Но это было лишь кратковременным спасением. Я все равно потеряла Фрейю в итоге.
– Я написала их, потому что… мой психиатр считал, что мне будет полезно записывать все, что произошло с момента рождения Фрейи, что это поможет мне выздороветь. Что это поможет мне отделить то, что происходило в реальности, от того, что я считала реальным из-за приступов тревоги.
– Вы сказали нам, что никогда не допускали мысли о том, чтобы причинить вред Фрейе.
– Это так, клянусь. Я бы никогда не сделала ей больно.
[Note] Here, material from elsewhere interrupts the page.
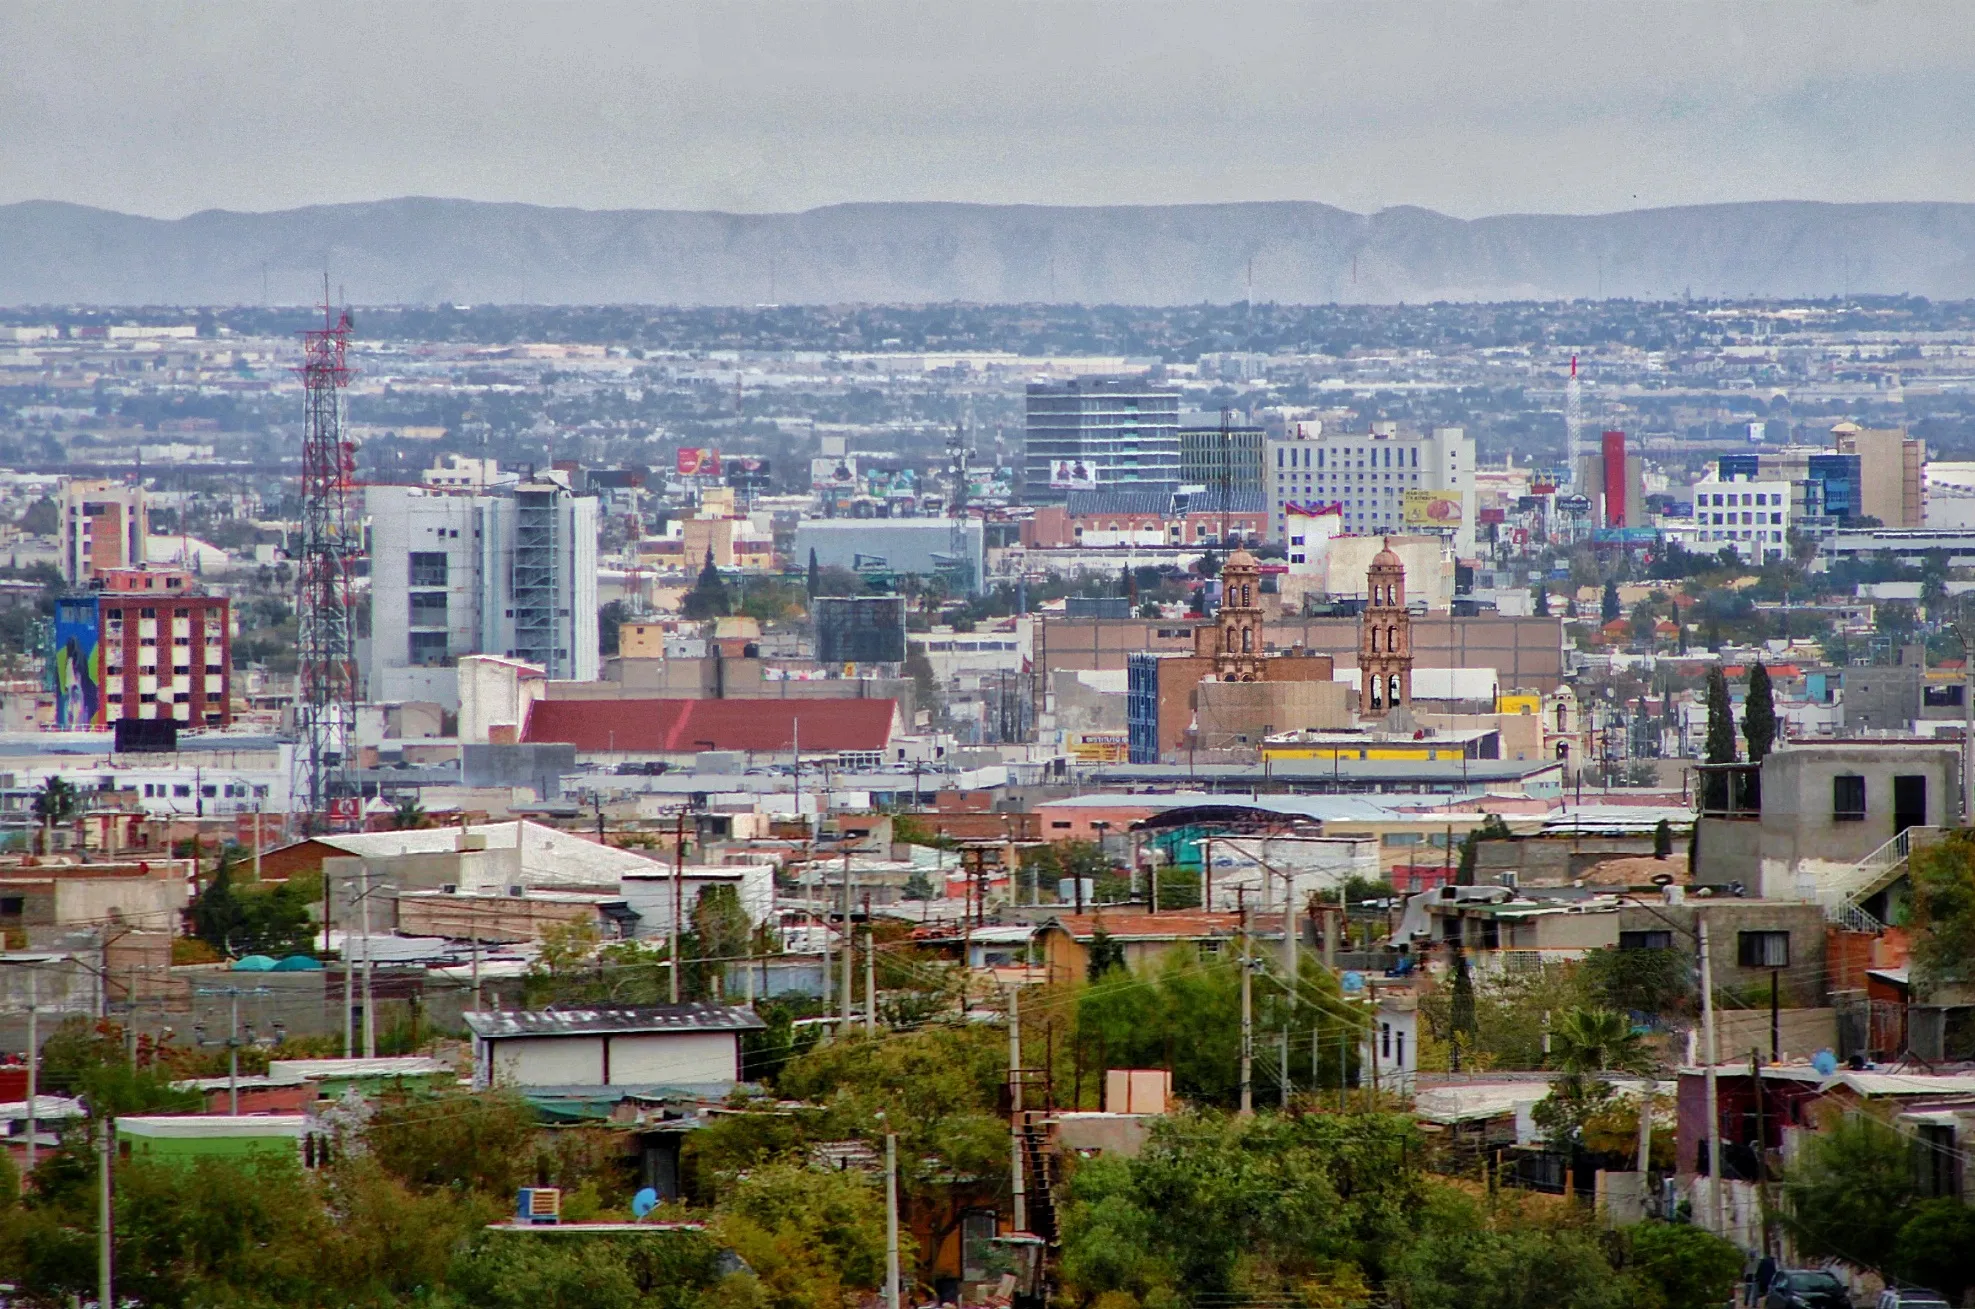 Nota sobre Ciudad Juarez, Chihuahua, para visitar o para residir alli

Я вела себя эгоистично, и, да, я совершала ошибки, но я любила ее. – Мой голос срывается, и все внутри меня ломается и разлетается на куски. – Я люблю ее.
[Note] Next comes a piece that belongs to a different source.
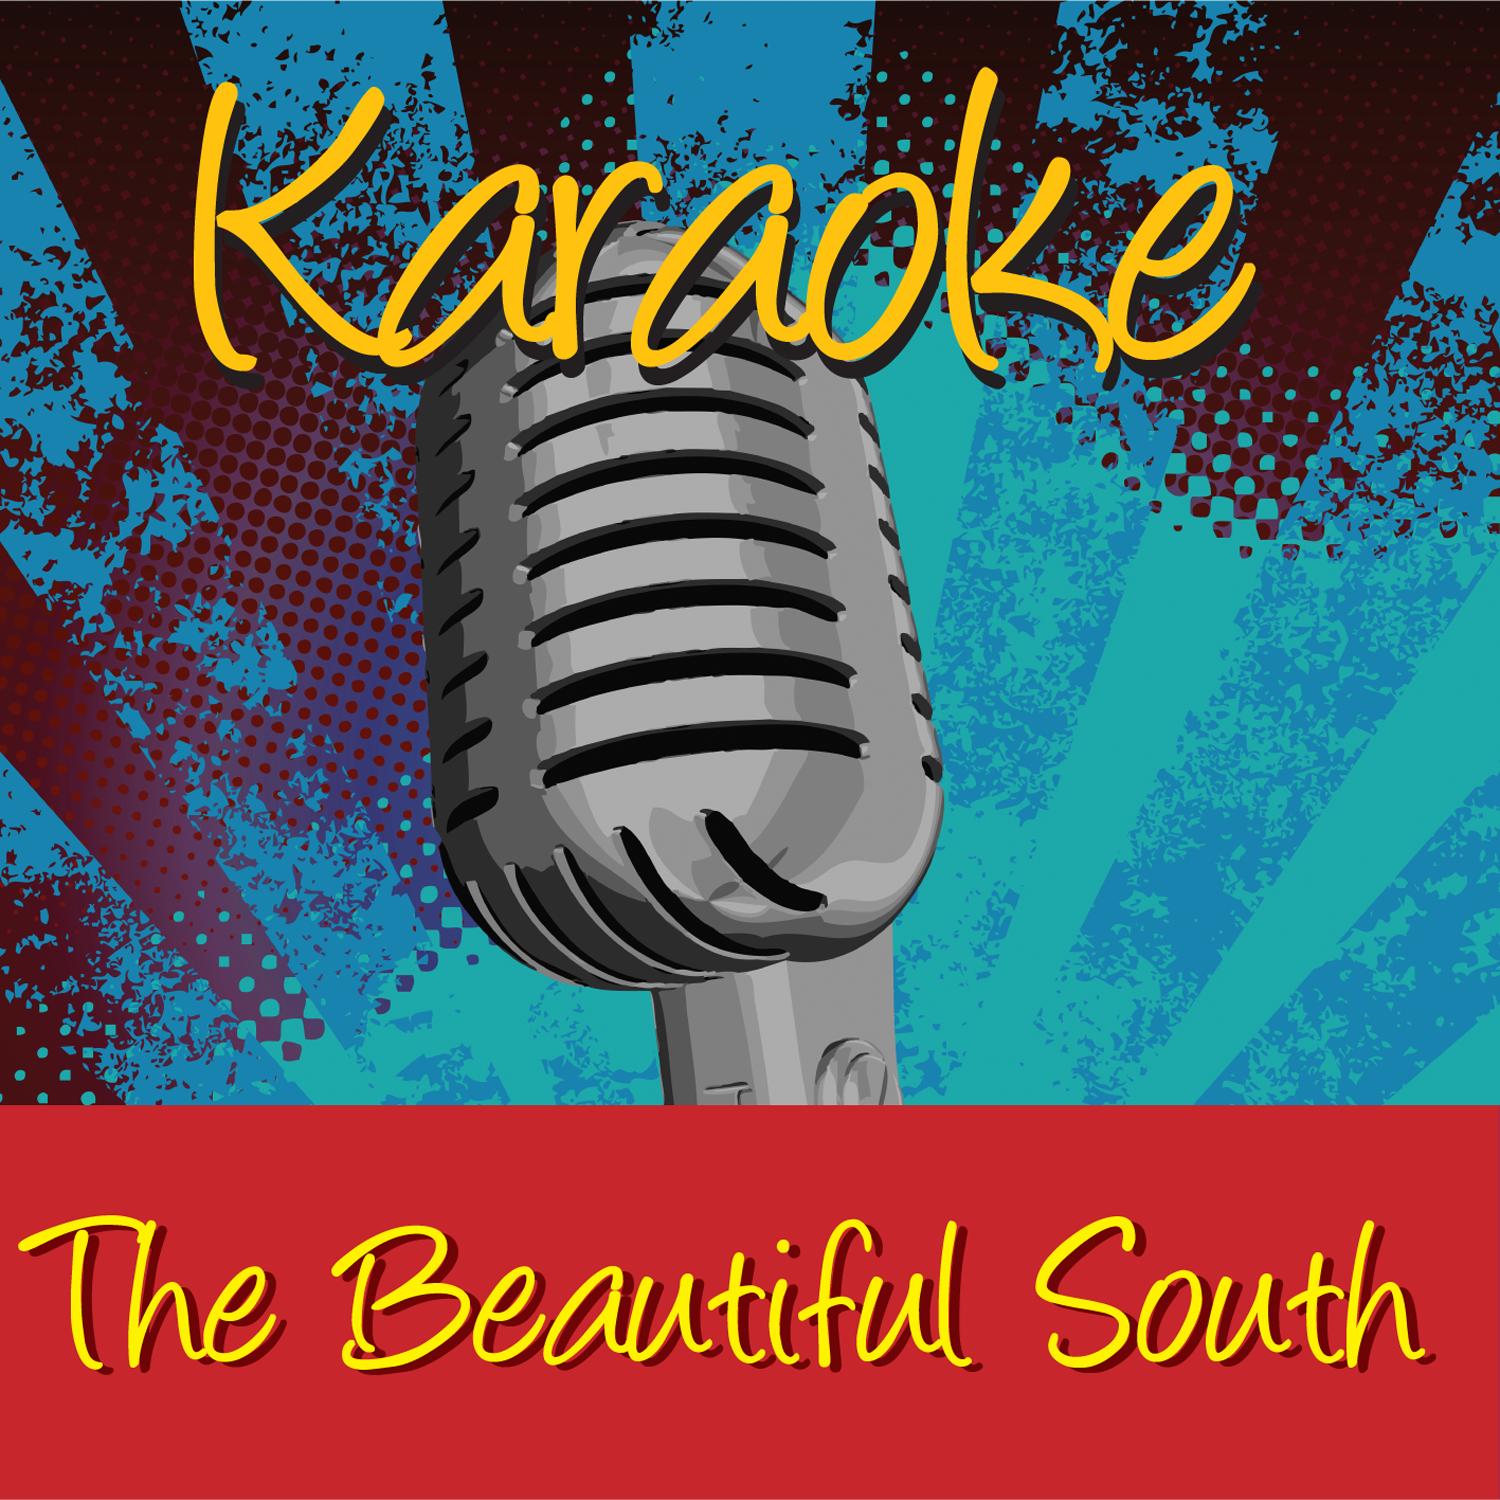 Karaoke - The Beautiful South

Дженнинг открывает уродливую коричневую папку, в которой лежит один-единственный лист бумаги. Ксерокопия…
Страница из моего дневника. Дженнинг пододвигает копию через стол, и буквы сердито таращатся на меня в ответ. Но это не мой обычный аккуратный вертикальный почерк – буквы крупные и наклонены вправо, слова размашисто набросаны по всей странице, как будто они торопились выплеснуться на бумагу, а моя рука не успевала за потоком мыслей. Я словно заглядываю в самые сокровенные мысли незнакомого человека. Это вроде бы писала я, но в то же время абсолютно не я – не та, кто я есть на самом деле. Это просто отчаянные рассуждения моего встревоженного разума, который пытался разобраться в себе.
Дженнинг тычет пальцем в бумагу. Мне хочется схватить и вывернуть этот палец, крича, что, если это повторится еще раз, я отломаю его.
Но я этого не делаю. Просто жду, что будет дальше.
– Будьте так добры, прочтите эту страницу, Наоми, – просит Дженнинг, убирая палец и вытягивая руки над головой. Его спина хрустит, и он подавляет зевок.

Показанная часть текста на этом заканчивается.